Even one of the Fed’s less favored tools, the FIMA (Foreign and International Monetary Authorities) repo facility, was tapped to its $60 billion limit by an unknown user. This was presumably the Swiss central bank wanting to stay in stealth mode or the Chinese, who have no access to swap lines.
https://twitter.com/FedGuy12/status/1639008118456852492
On top of all the other interventions by U.S. authorities, the Fed also created one of its most intricate facilities yet: the Bank Term Funding Program, or BTFP — and not to be confused with BTFD. The longstanding theme of the Fed’s “crisis responses” evolving into monetary policy appeared intact.
The BTFP’s purpose was, first, to revive confidence in the banking system by letting the banks and the general public know the Fed had their back. Second, it allowed banks to continue their day-to-day business (.i.e processing deposit outflows) without becoming insolvent. Struggling entities now only needed to pledge, not sell, distressed securities. The Fed accepted any collateral used in its usual open market operations, like Treasuries and MBS, but offered cash equal to the full (par) value, not market value. It’s like rate hikes never happened.
Markets quickly perceived this as the Fed initiating another round of quantitative easing (QE), the Fed’s mechanism for injecting the most liquidity into the system. In reality, however, it’s far from it. With QE, the Fed buys bonds and issues reserves to pay for them. This was different.
Quantitative Tightening, or QT, is still underway today. The Fed hasn’t bought bonds outright and is (at least) trying to lower the size of the balance sheet. The sudden pop in assets reflects an attempt to paper over cracks while the Fed keeps tightening. This is not QT but Quantitative Teasing.
In the Quantitative Teasing era, the Fed will provide the minimal amount of liquidity and easing possible to quash anything that threatens their ability to maintain a tightening stance and avoid “pivoting” .i.e lowering rates and pausing QT. The BTFP is the ideal tool to achieve this.
In a BTFP transaction, the Fed increases the level of bank reserves in the system and sends them to the struggling bank’s reserve account, while the bank sends securities to the Fed via the Fedwire Securities Service (FSS). But at the end of the loan, the Fed sends the security back and destroys the associated reserves. Like with a normal repo transaction (see below) conducted in the $4 trillion daily private markets, a cash borrower pledges “eligible collateral” to receive funds from a cash lender. Yet at no point does the lender, or in this scenario, the Fed, fully buy the bond. This is the key difference.
As the Bank of England illustrates, central banks conducting repo transactions does boost liquidity but has minimal impact on (and provides no liquidity to) the real economy. Genuine QE, the outright purchases of bonds, boosts real economic activity — though somewhat modestly.
When QE was initially devised, the idea was that the Fed buying bonds would remove duration from the market, subsequently pumping asset prices and forcing consumers to feel richer and consume. In reality, though, QE tended to pump asset prices rather than spur the real economy.
Compared to QE, the BTFP facility will have less of a stimulative impact.
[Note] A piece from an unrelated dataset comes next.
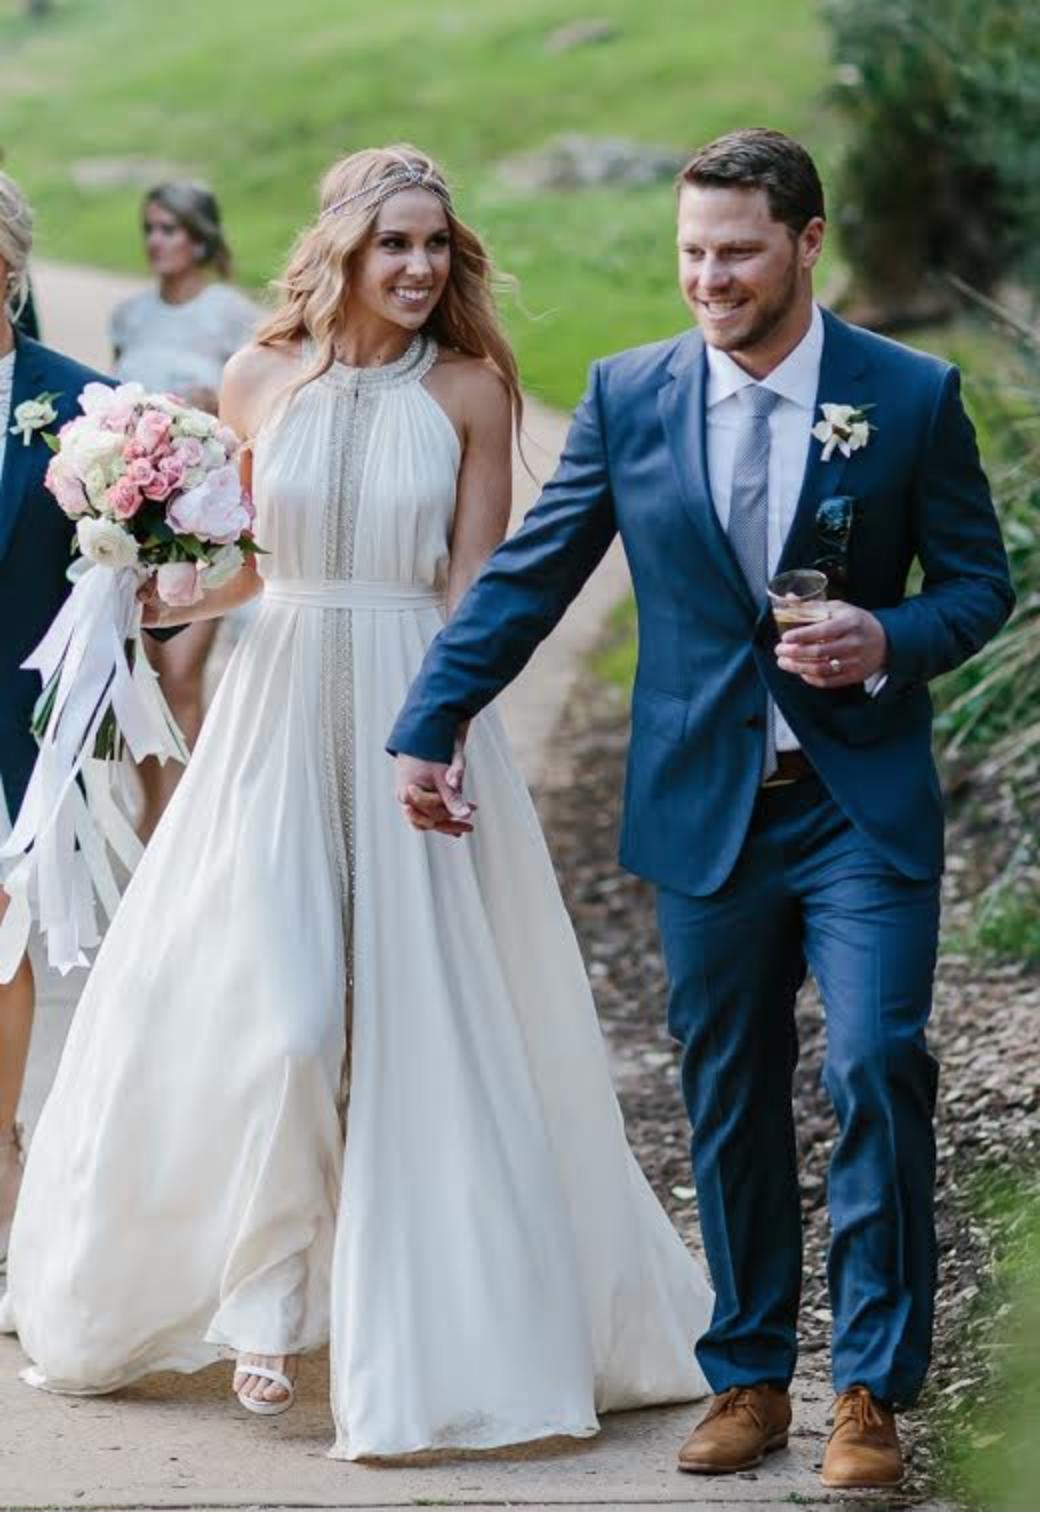 Stunning wedding gown by bo u luca stunning wedding gowns
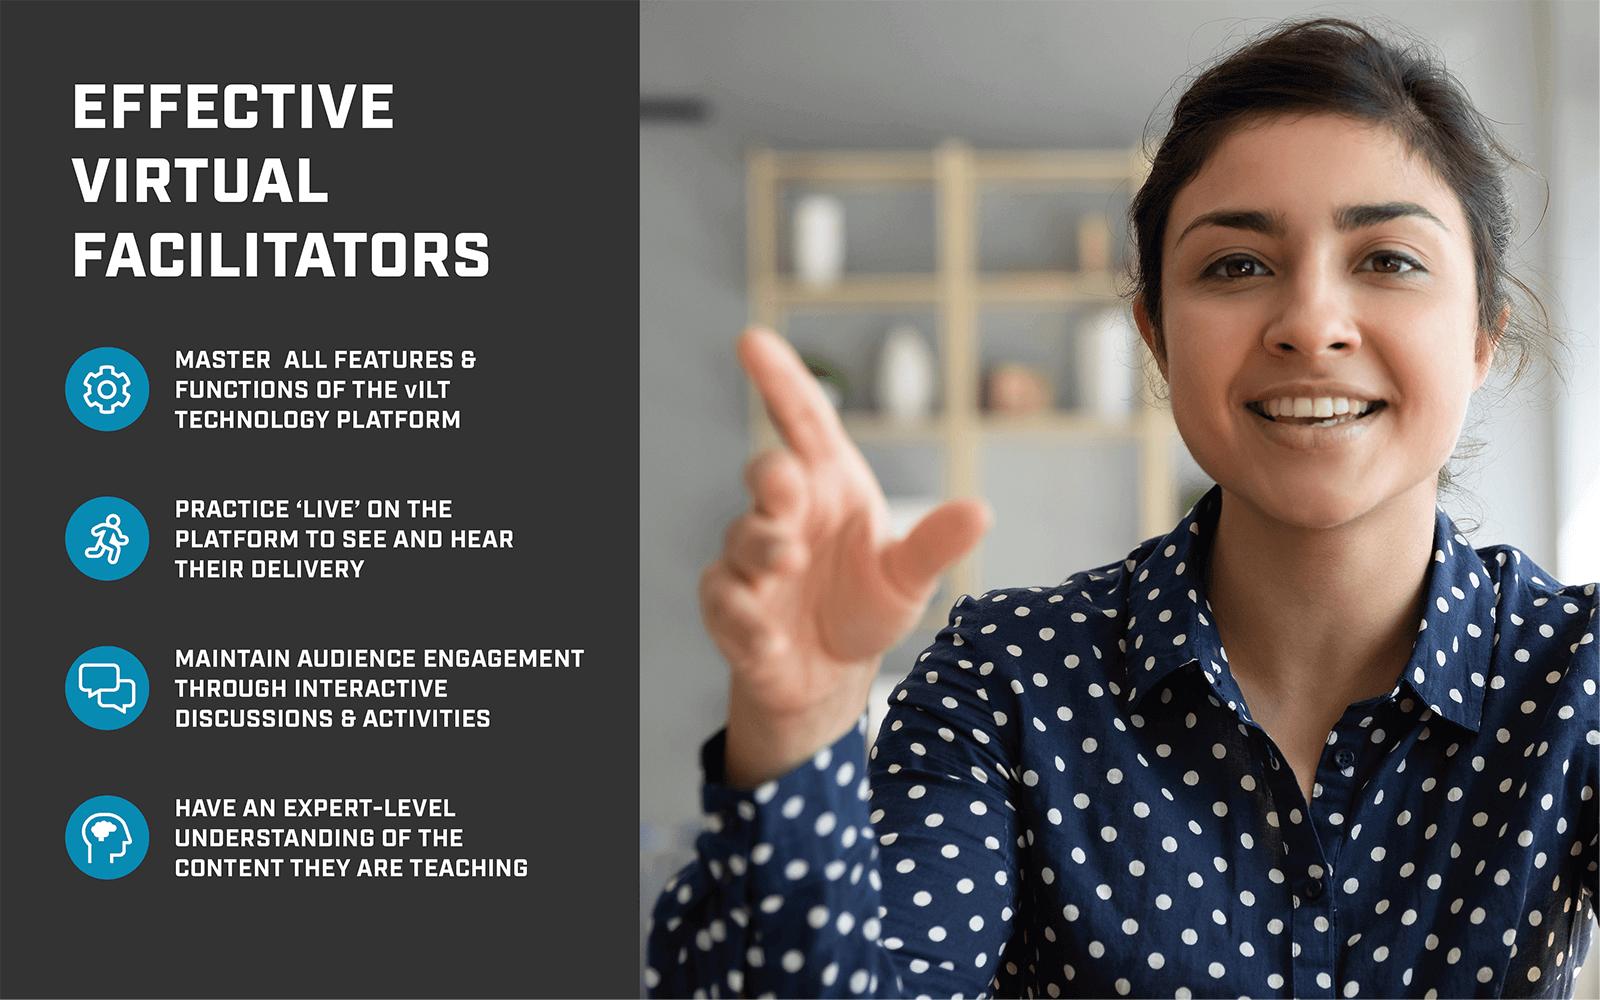 Qualities of effective virtual facilitators

The cash the Fed provides to struggling entities will be used to fund “deposit outflows”, where their very own customers withdraw money to other banks or, worse, to money market funds (MMFs).
Small banks are also likely to be deleveraging when taking on BTFP loans, while the big banks (sometimes even the recipients of the small banks’ deposit outflows) will likely tighten lending. Plus, they will be paying a premium (4.79%) to watch their liquidity wane further. In fact, the only big beneficiaries of BTFP will be entities that took advantage of arbitrage opportunities, like borrowing from the BTFP facility, buying callable bonds, profiting from the spread, and exiting the trade at the first sign of trouble, with little repercussions.
Despite the BTFP being Quantitative Teasing, markets perceived the Fed’s response as a full-blown round of QE. When the words “bailout”, “liquidity”, and “easing” appeared on Bloomberg, stocks rallied along with yields — which, funnily enough, tend to rise — not fall as anticipated — during QE.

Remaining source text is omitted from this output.